German painter (1886–1922)

René Beeh (/de/, January 1886 − 23 January 1922) was a German draughtsman and painter from Alsace. He was held in high esteem by his contemporaries and called "the coming genius" (das kommende Genie) by art historian Wilhelm Hausenstein, but with his having died prematurely, he has been mostly forgotten.

==Life and work==
Beeh was taught in the Fine Arts School in Strasbourg from 1900 until 1905, then in the Academy of Fine Arts in Munich (student number 2936, registered on 9 May 1905), where his teachers were Peter Halm, Hugo von Habermann and Franz von Stuck. In 1910, he travelled to French Algeria where he stayed until 1911, before journeying through Italy and Provence. In 1914, he published a selection of letters from Algeria along with sixty drawings, under the title M'Barka. Malerbriefe aus Algerien mit sechzig Zeichnungen.

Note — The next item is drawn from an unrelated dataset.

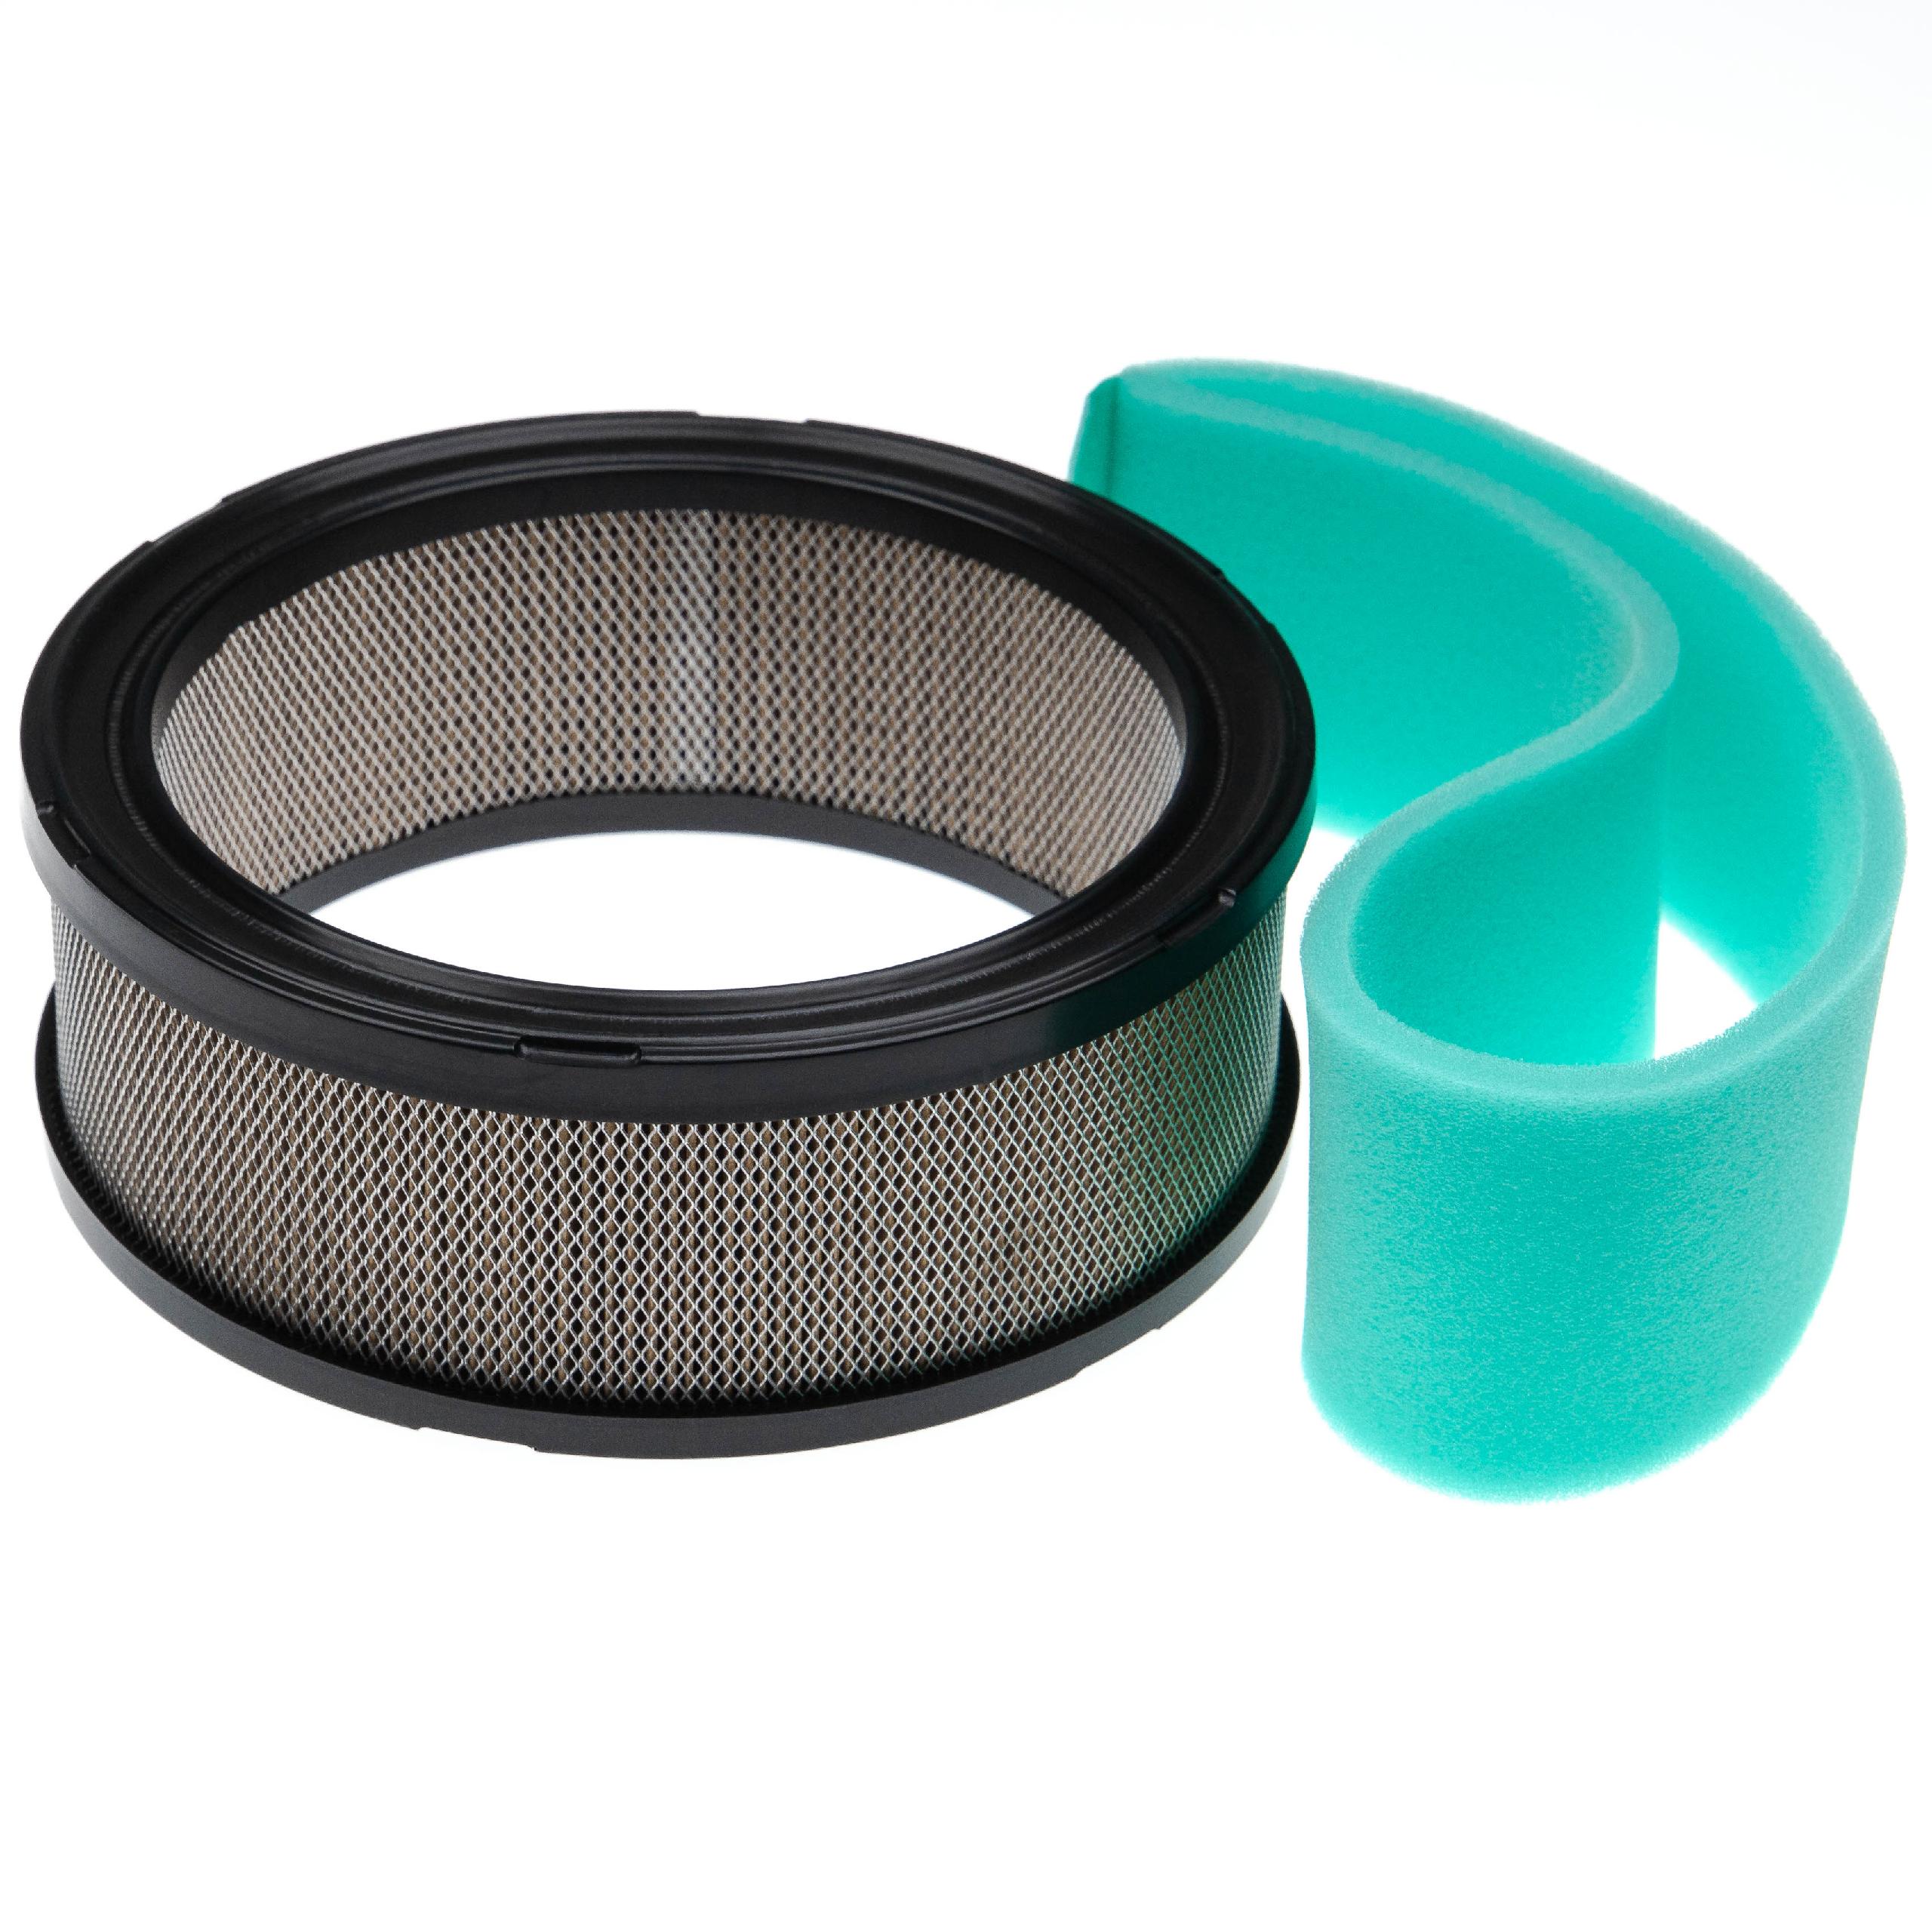 2x Filter as Replacement for Ariens 21530800 - Filter Set (1x air filter, 1x pre-filter)

During the First World War, Beeh was drafted as a surveyor for the Imperial German Army on the Western Front in Belgium (on the Ypres Salient) and Northern France. Some of his War drawings were published in the Munich review Zeit-Echo. After the War, Beeh, suffering from depression, is thought to have destroyed much of his own work. He died from a severe case of seasonal flu at the age of 36.

Beeh was a member of the Neue Münchner Secession (New Munich Secession). He was also friends with several members of the Strasbourg group of painters Groupe de Mai.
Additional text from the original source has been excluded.